While you weren't looking I also threw traces in there! Have a logging primitive like Span("operate(foo)", func { ... }) that logs the start and the end, and throw a generated ID in every message. Concatenate the span IDs which each recursive call to Span (I abuse context.Context for this, sorry Rob Pike), and log them with every message in the span. Now you have distributed tracing. As always, sure, parse those logs and throw the log-less spans in to Jaeger so you can efficiently search for rare events and have a nice data flow graph or whatever.

Log sare so simple and so great. The problem you run into is by not producing enough of them. Disks cost nothing. You can delete the debug logs after a short period of time, or not even produce them until you suspect an issue. Don't sweat the log levels; pick the 3 I picked and try to enforce the rules in code review. Aim the log messages at the right audience; dev team, ops team, emergencies. Show your work. Log contextual information. Put metrics in the logs, and aggregate them for dashboards and monitoring. Annotate logs with trace IDs, and put those into Jaeger. You'll never have to wonder why your system is broken again; you printed out everything it's doing.
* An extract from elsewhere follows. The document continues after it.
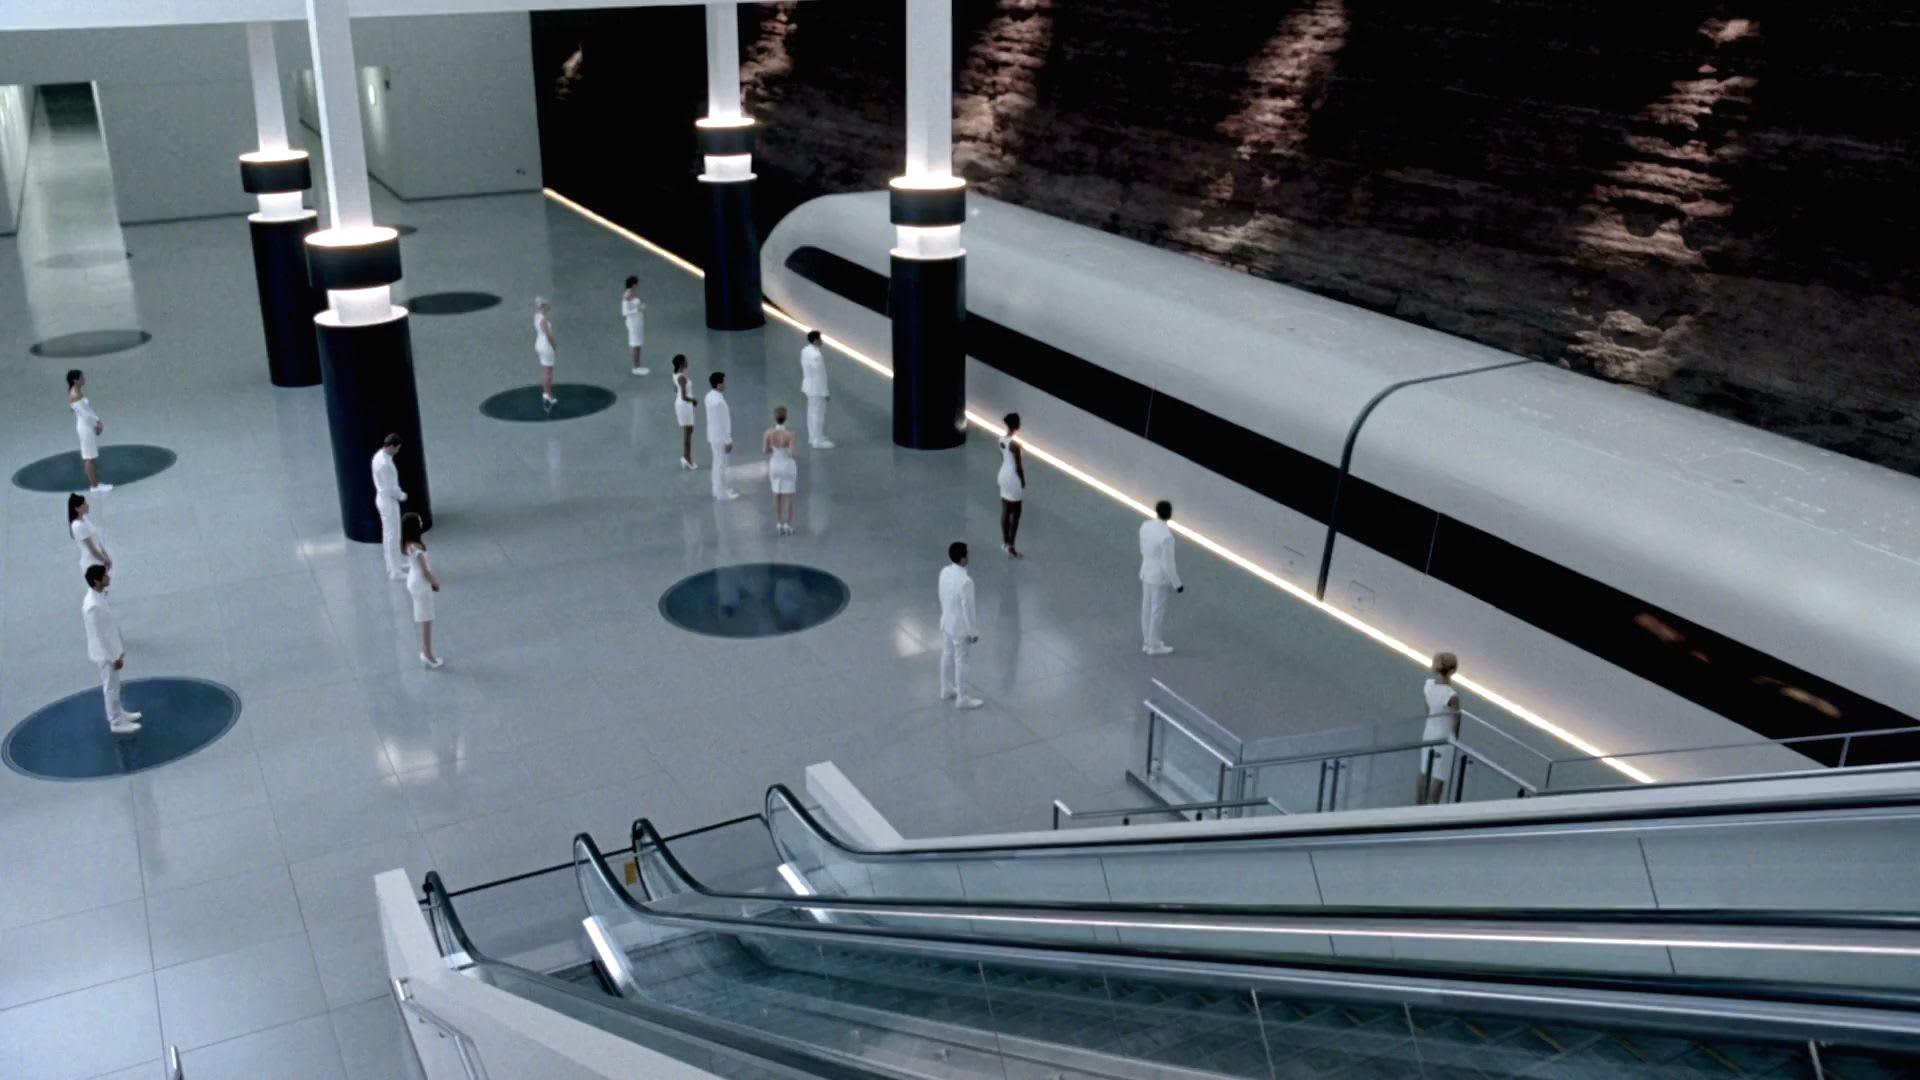 Westworld crew on creating Delos

The aggregation will tell you you're not meeting your error budget, and the logs for a representative request will tell you why that one failed. Once you know what's broken, the fix is always easy.

Whenever I tell people my system, they tell me it can't scale. When I worked at Google, I wrote exactly this system for monitoring Google Fiber (well, we didn't have log levels really...), and we could answer questions about the entire CPE fleet as easily as we could answer questions about one device or one bug. Over many years, I've finally gotten this into the "real world" (like weeks ago), and it's been amazing.
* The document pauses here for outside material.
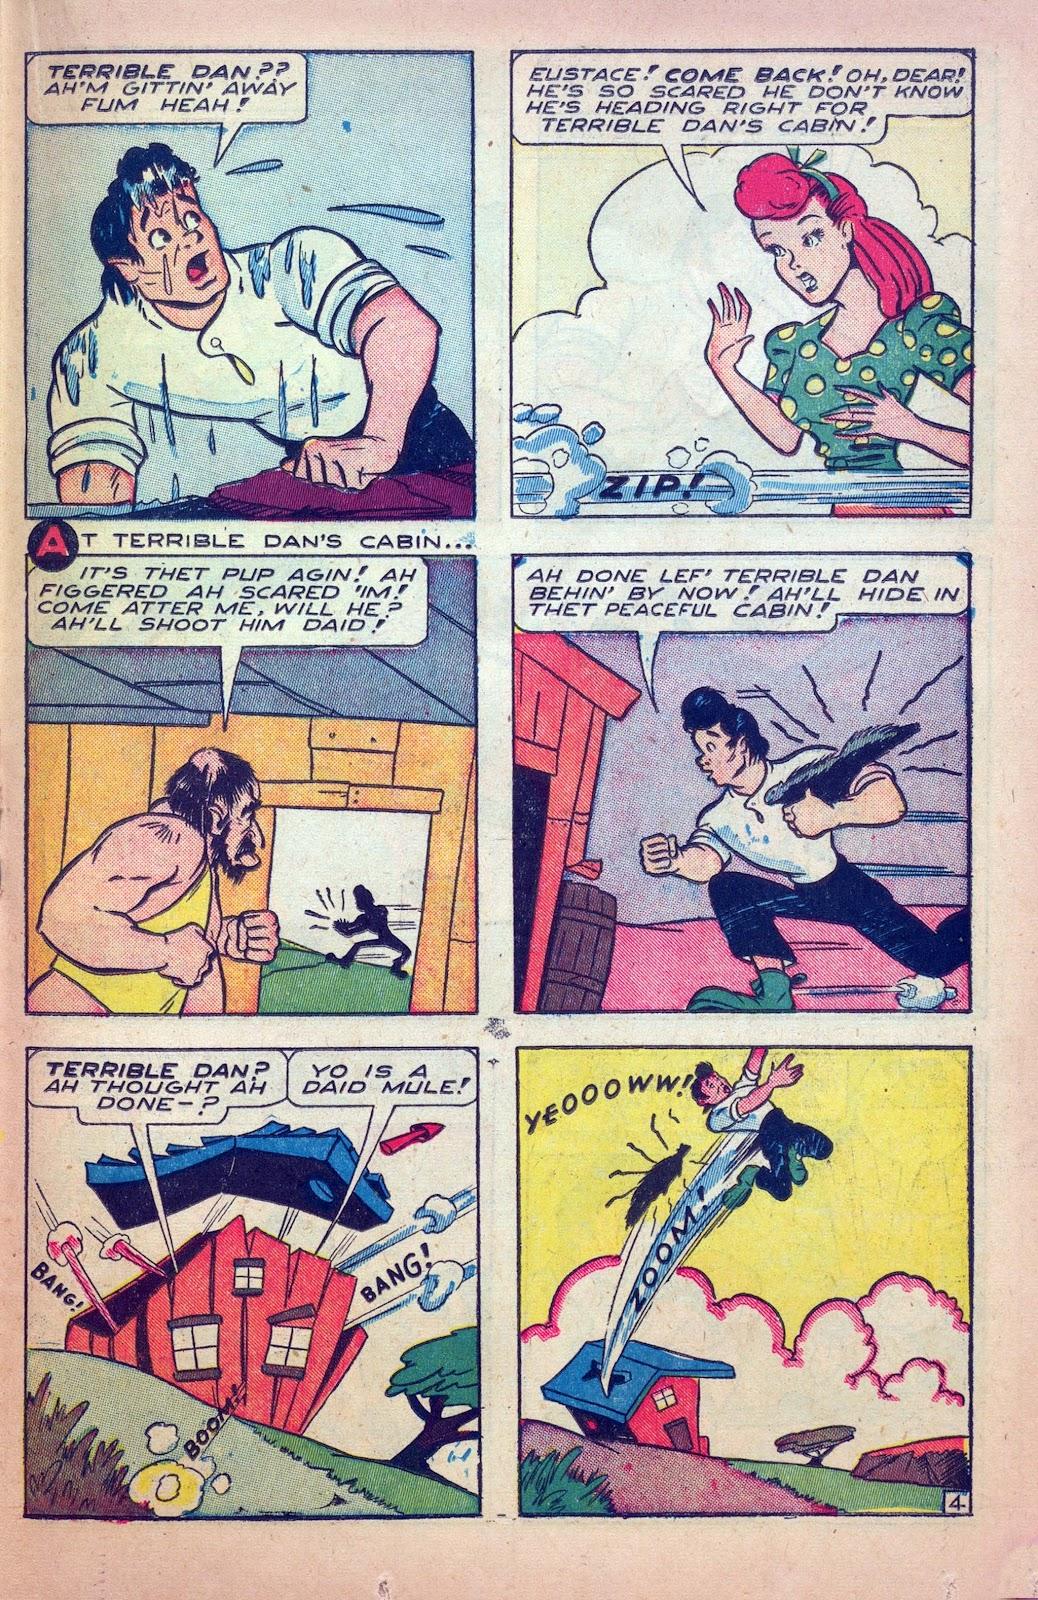 Read online Joker Comics comic -  Issue #20 - 19

Good logs are the best thing you can do for someone that has to run your software. For a lot of folks, that's you! For other folks, that's your customers. Can you customer set up Prometheus, ElasticSearch, and Jaeger, and dump that all out and send it to you in Slack? Unlikely. Can they dump a file that's 10MB of JSON lines into Slack? They sure can. And now you can diagnose the bug and fix it without bothering them for more info. It's good for everyone.